# Unkown Mantis



## JC (Apr 12, 2007)

I was at my local pet shop and they had one species of mantis, it was labelled Bullseye mantis, but i can't find anything about it.If anyone knows of this species could you please help with some info plz

Thanks alot :wink:


----------



## Orin (Apr 12, 2007)

Do you have a photo? Offhand I'd guess Pseudocreobotra (Spiny Flower Mantis) there are a hundred different common names for that one.


----------



## JC (Apr 12, 2007)

Sorry no photos yet, I'll put some up soon and thanks for the name ill look it up.

Cheers


----------



## JC (Apr 13, 2007)

I looked up the name and I'm pretty certain thats him.I have done some searching, But I have one problem.
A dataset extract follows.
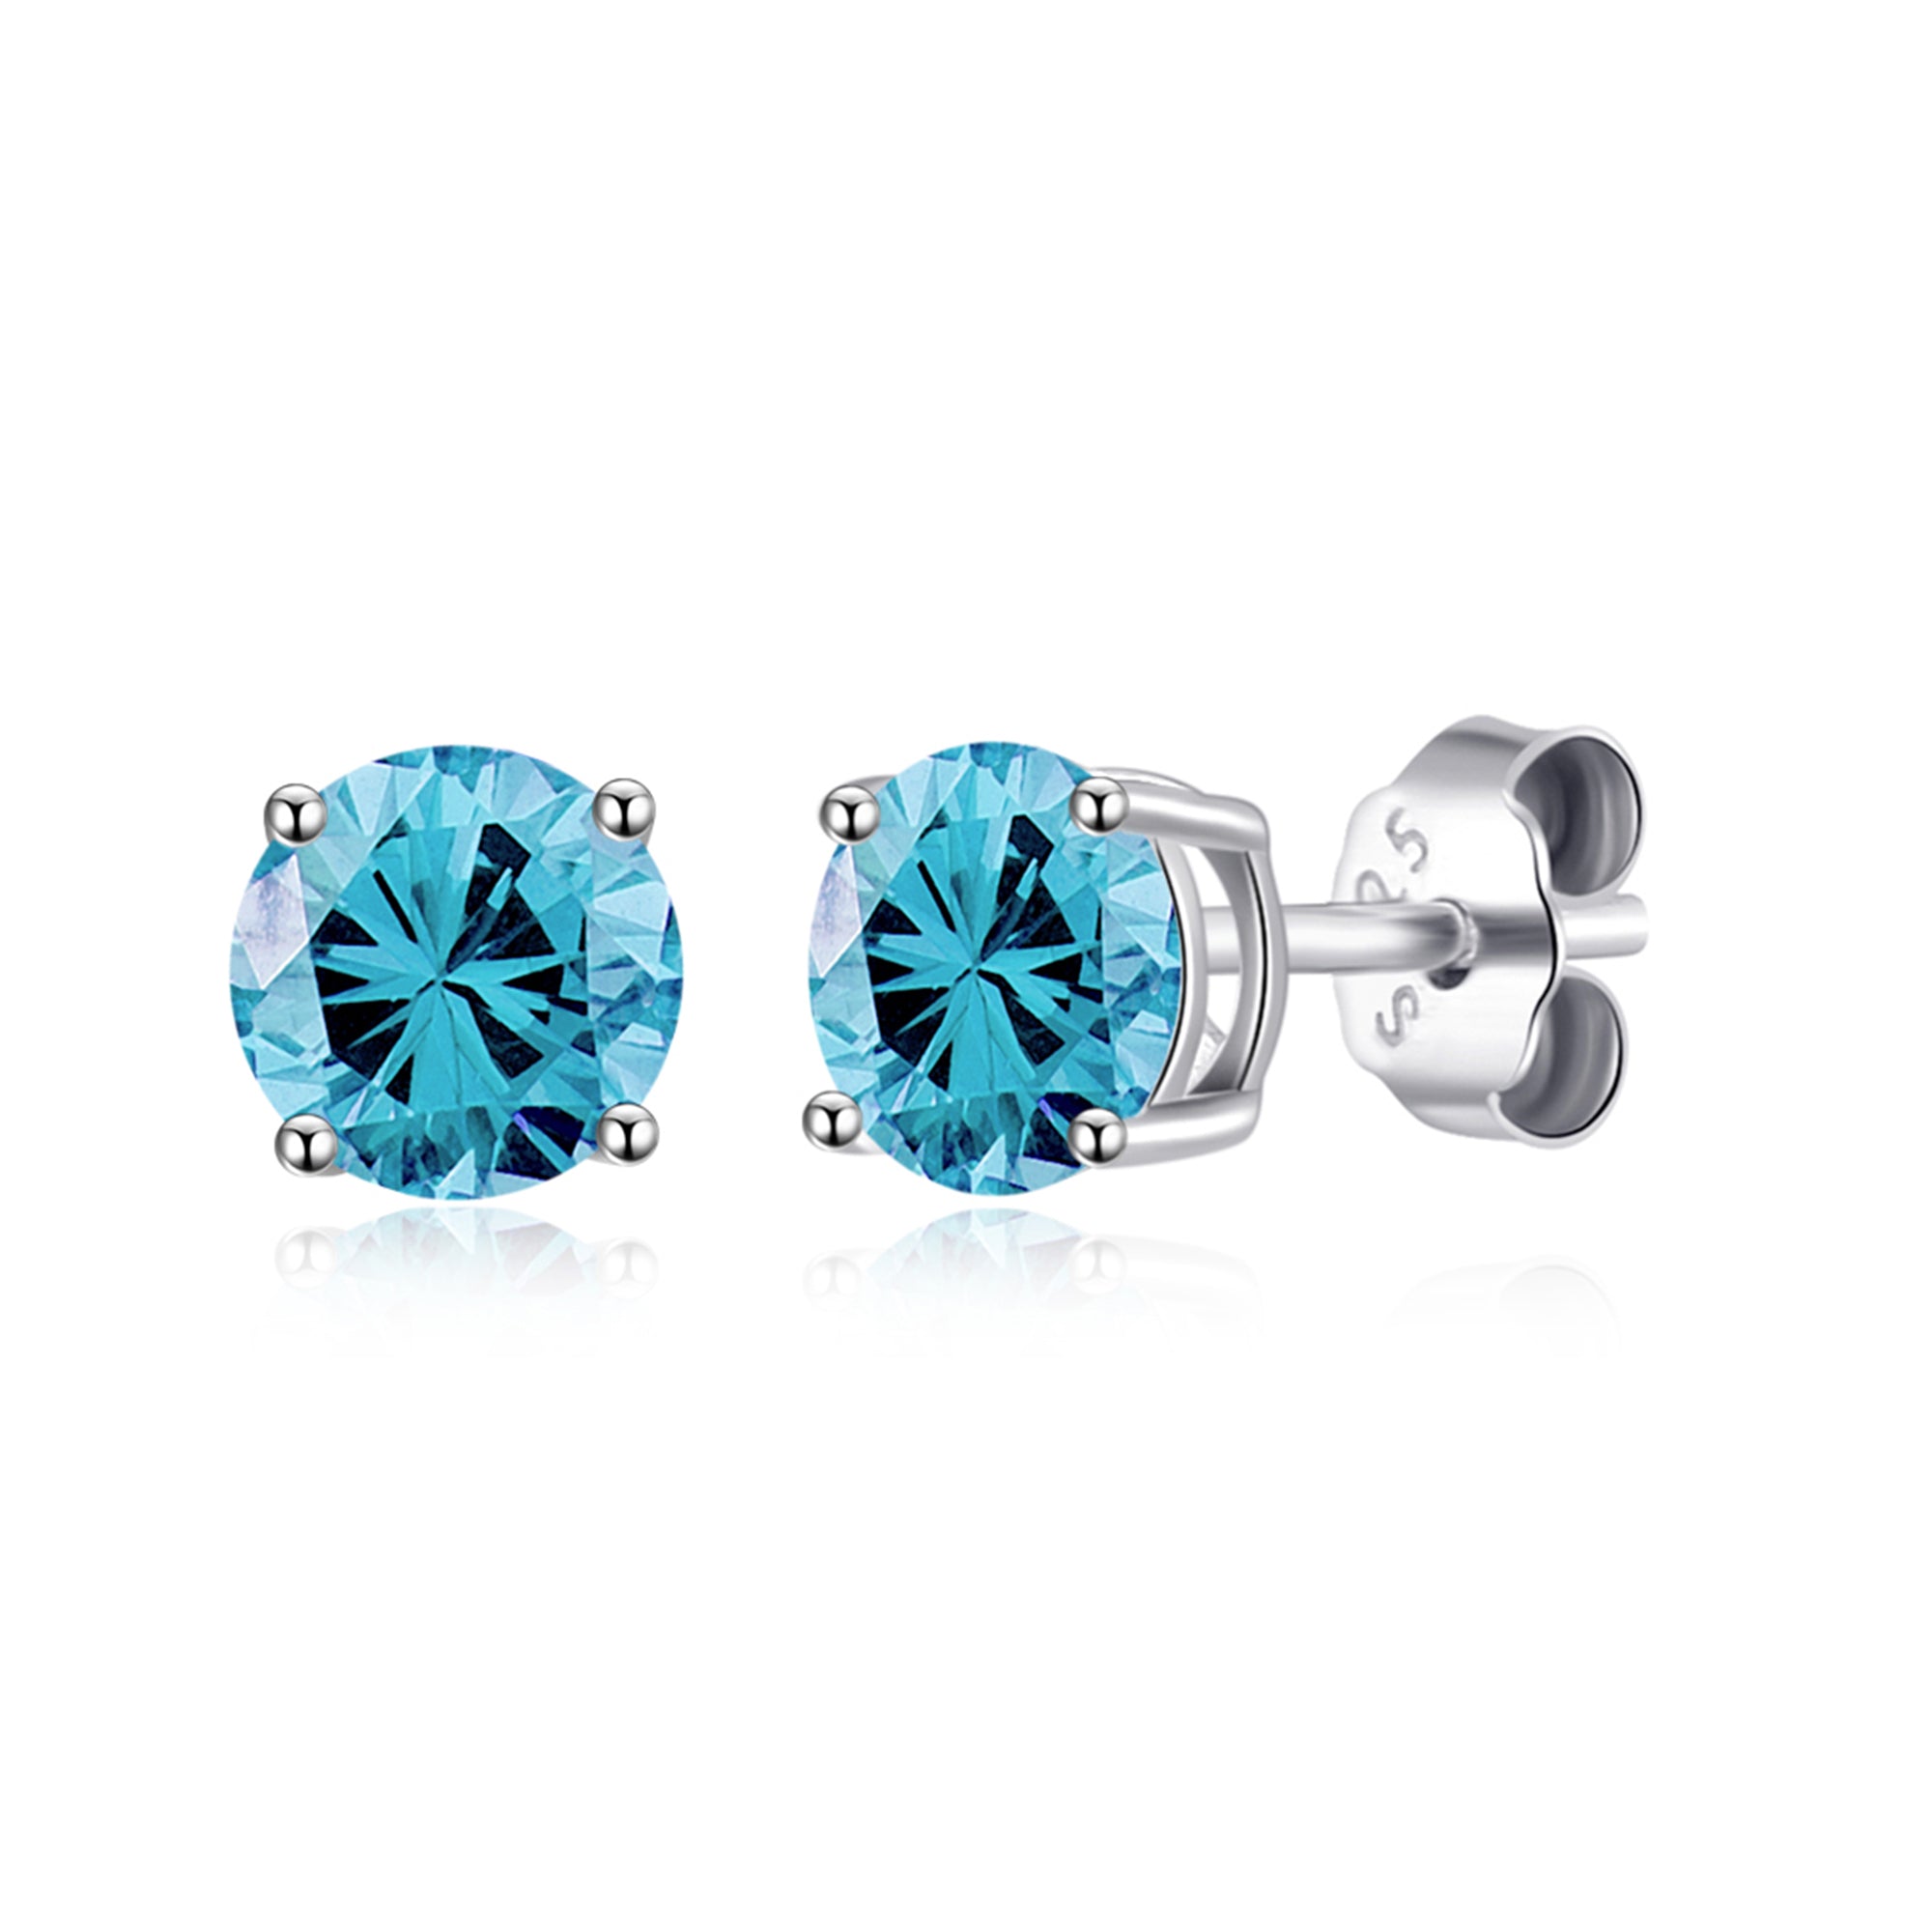 Sterling Silver March (Aquamarine) Birthstone Earrings Created with Zircondia® Crystals by Philip Jones Jewellery

I searched for his final size and found several answers from 2.5cm to 2inches, which is the more likely :?:


----------



## yen_saw (Apr 13, 2007)

If that is P. Wahlbergii (spiny flower or #9 or target mantis), 2.5 cm is too short for adult size. 4-5 cm is the average size.


----------



## JC (Apr 13, 2007)

Good to know , do you have any suggestions on whats best to feed him

Cheers


----------



## yen_saw (Apr 13, 2007)

Flying insects like all types of flies, butterfly, moth, dragonfly, etc. Avoid hornets and wasp.


----------



## JC (Apr 13, 2007)

Thanks again for the advice.


----------